Multimorphological top-hat-based multiscale target classification algorithm for real-time image processing

Appl Opt. 2019 Aug 1;58(22):6045-6056. doi: 10.1364/AO.58.006045.

Abstract

The traditional top-hat method is a commonly used method that quickly separates targets from a background. It is used for its fast processing speed and wide range of applications on programmable hardware. However, in some important fields such as microfluidic control, medicine, aerospace, and optical measurement, the observed targets are often spotted with different sizes. The formation mechanism of multiscale spots varies from each other so that they can not be successfully extracted and classified by the traditional top-hat method. To ensure the integrity of targets with a specific size and suppressed noise, the imaging mechanism of different types of spots are studied, and an improved top-hat method with a gray-scale value-based transform is proposed.
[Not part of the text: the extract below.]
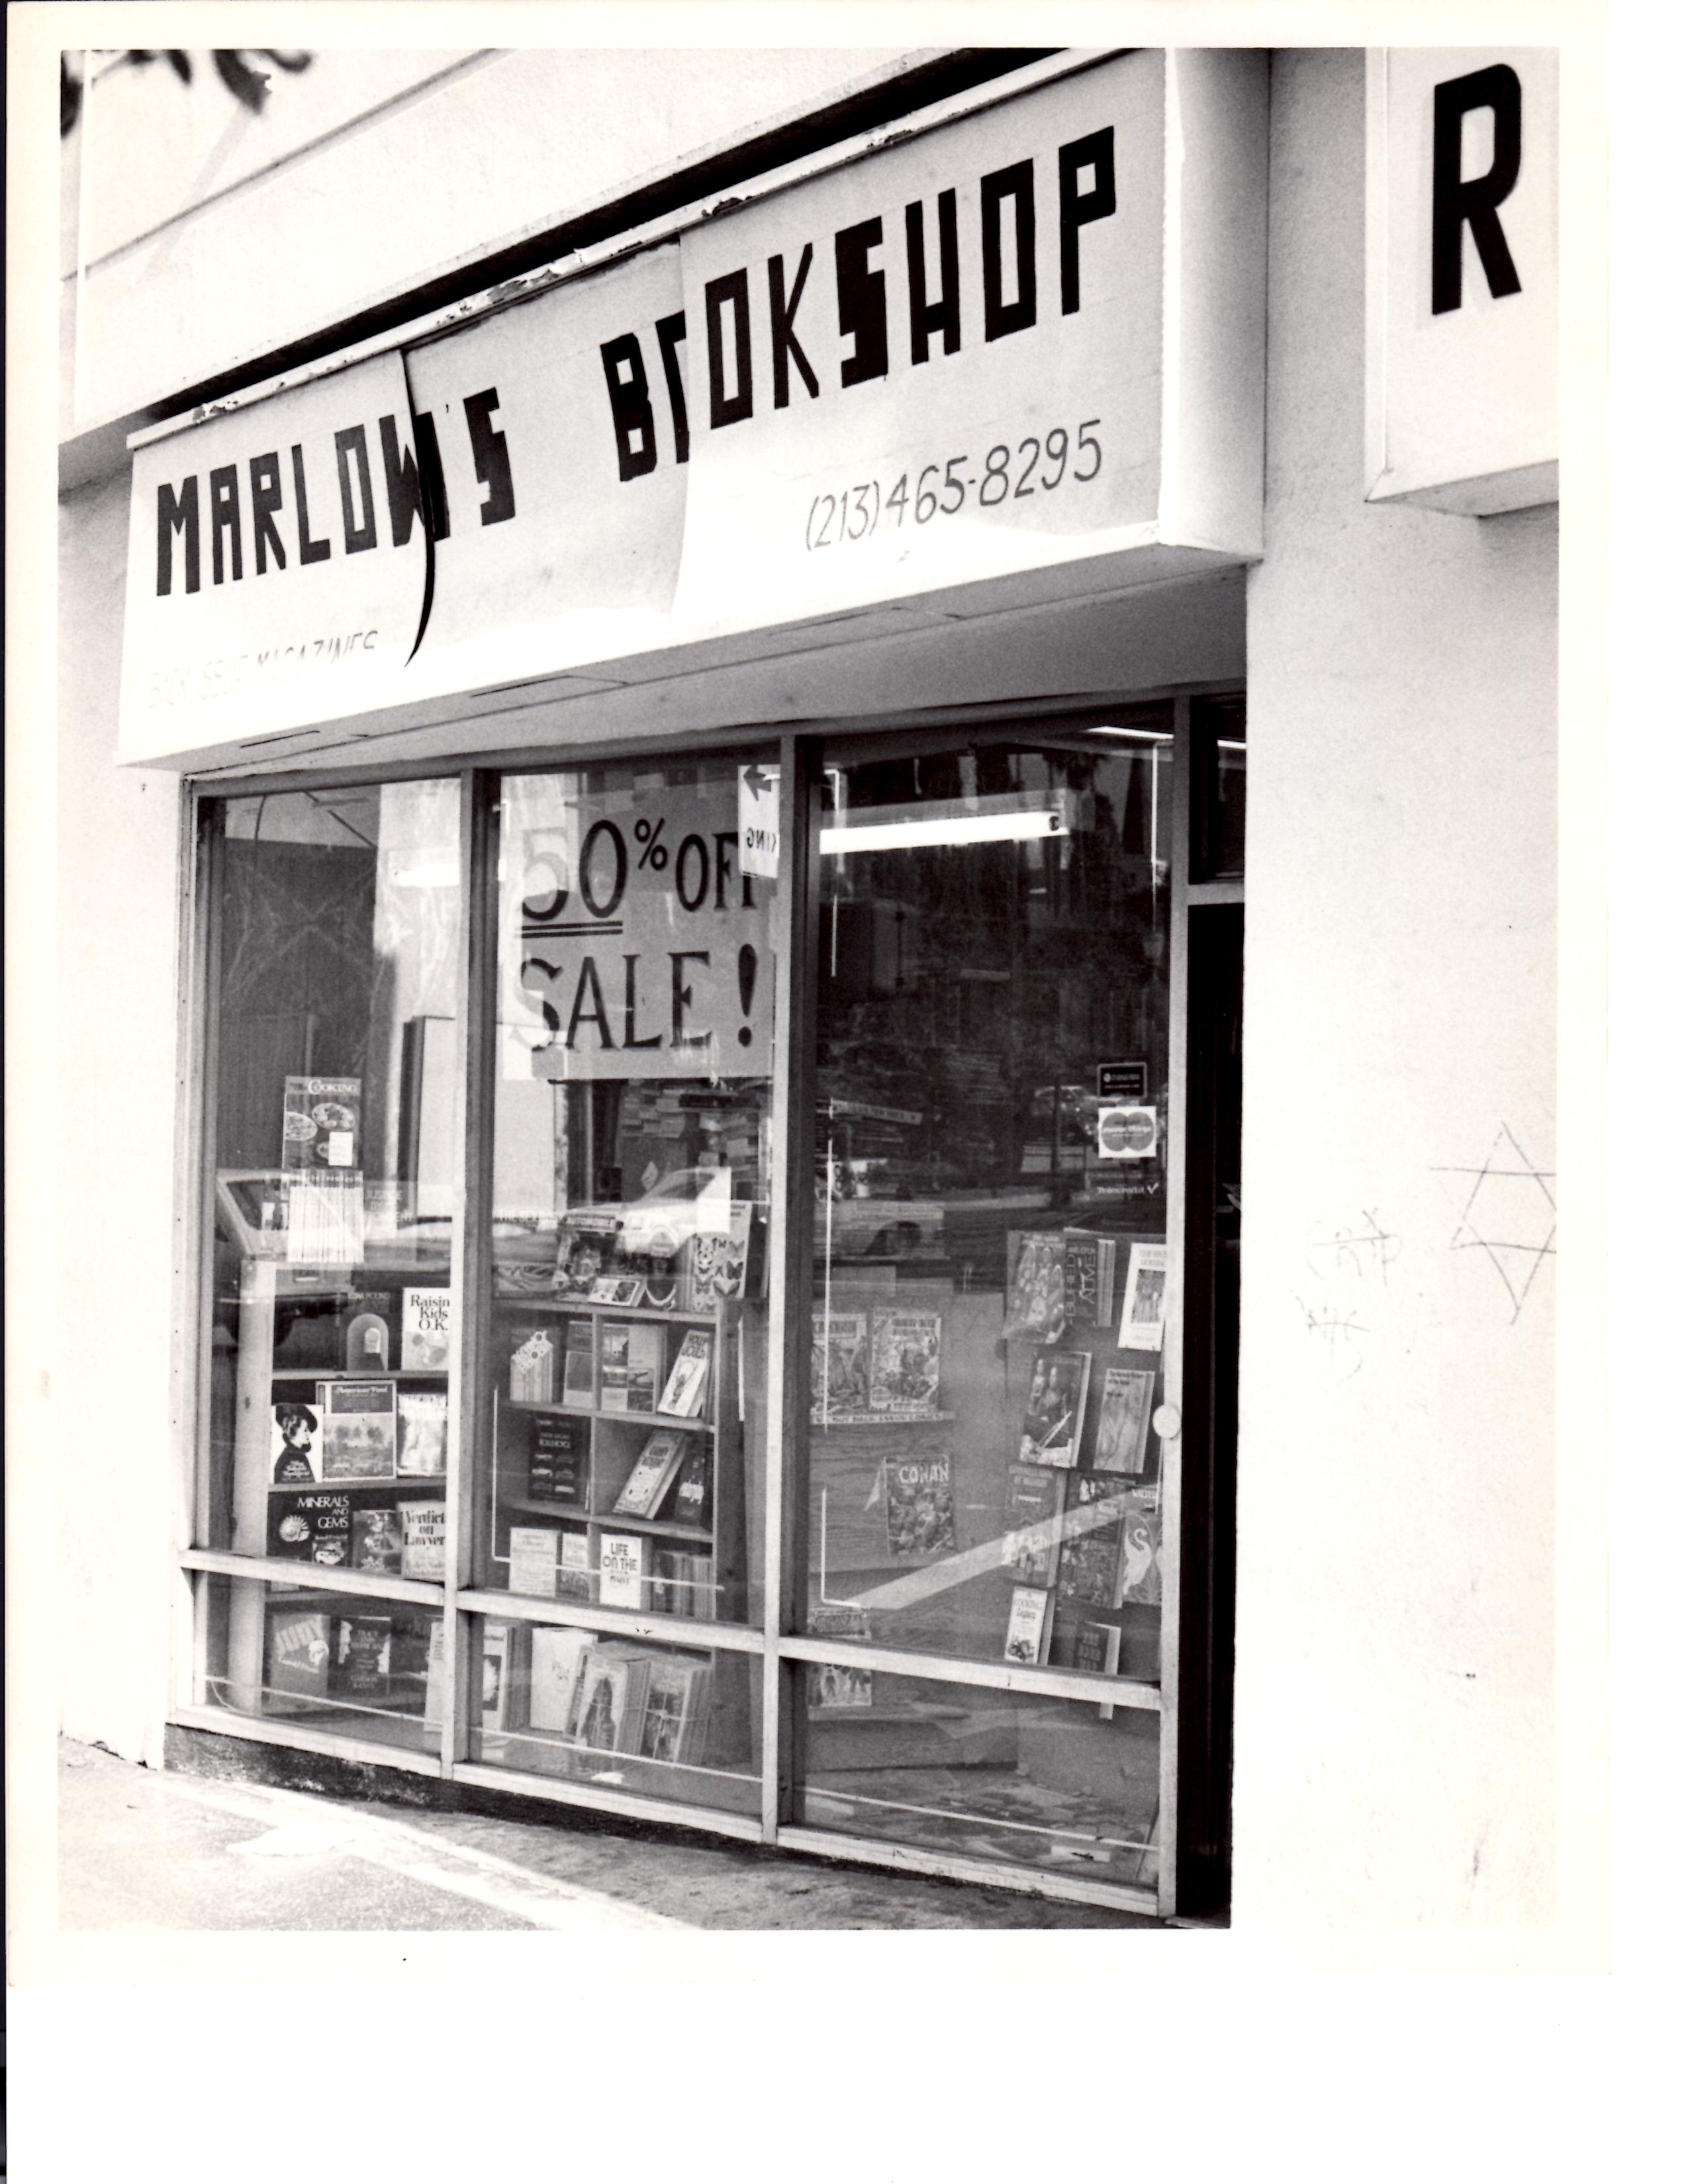 Marlow's Bookshop. Photo by Wayne Braby
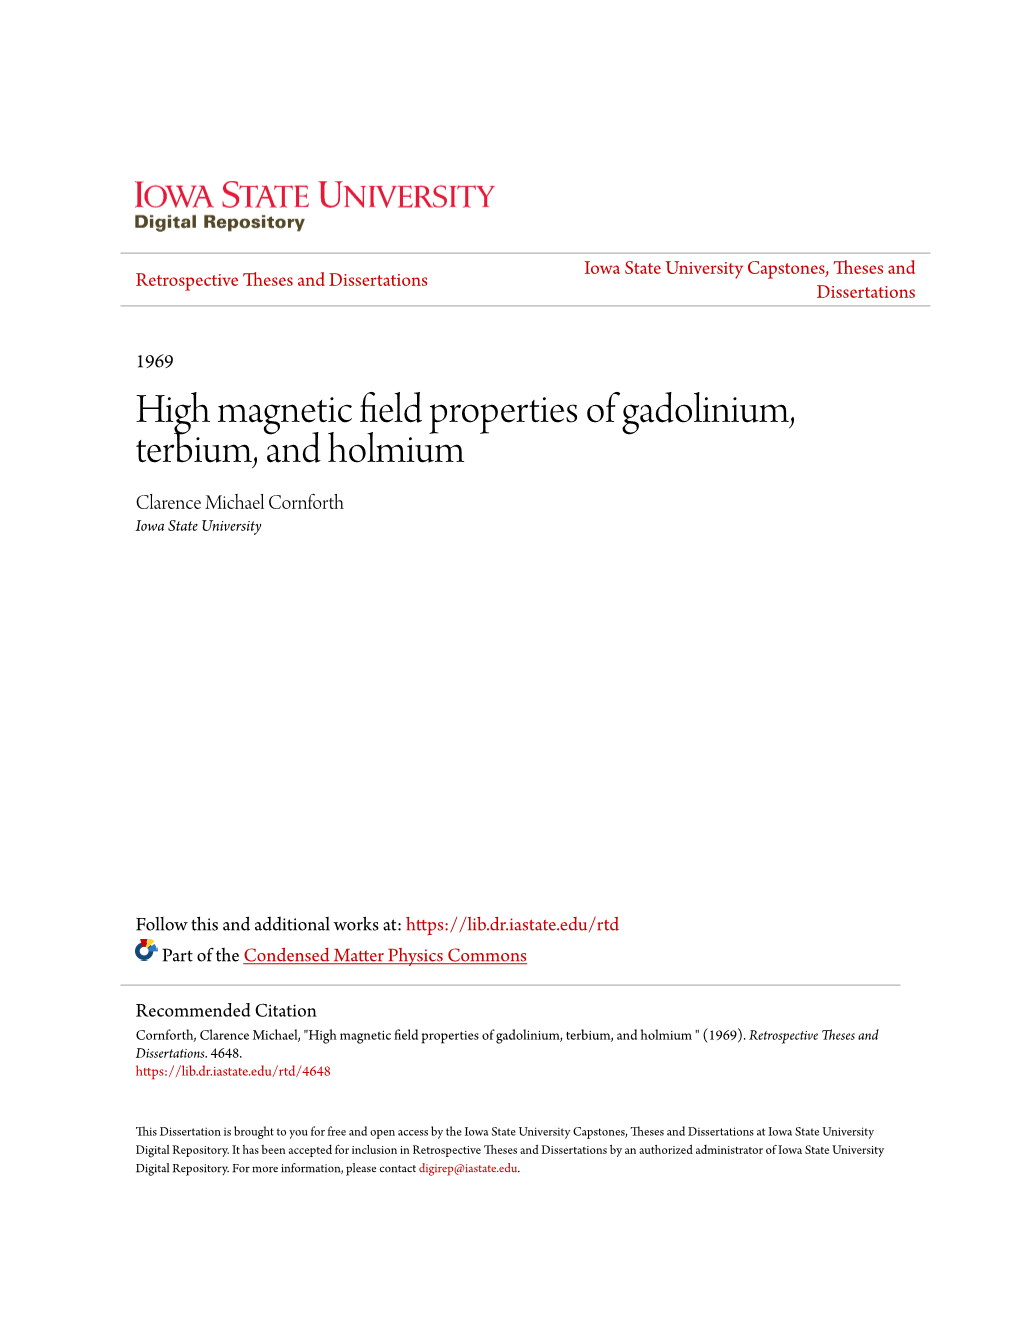 High Magnetic Field Properties of Gadolinium, Terbium, and Holmium Clarence Michael Cornforth Iowa State University

Compared with the traditional top-hat method, the proposed algorithm is more effective in completely removing unwanted spots. The calculated results of the simulated and real images verify the effectiveness of the double top-hat method in extracting targets with a specific size. Additionally, the resolution of this method is up to the parameter k, which has been discussed in this paper. Furthermore, a multi-top-hat algorithm is presented to distinguish spots of different sizes, and it could be used for real-time multiscale target detection and tracking, as well as real-time multiscale target detection and tracking.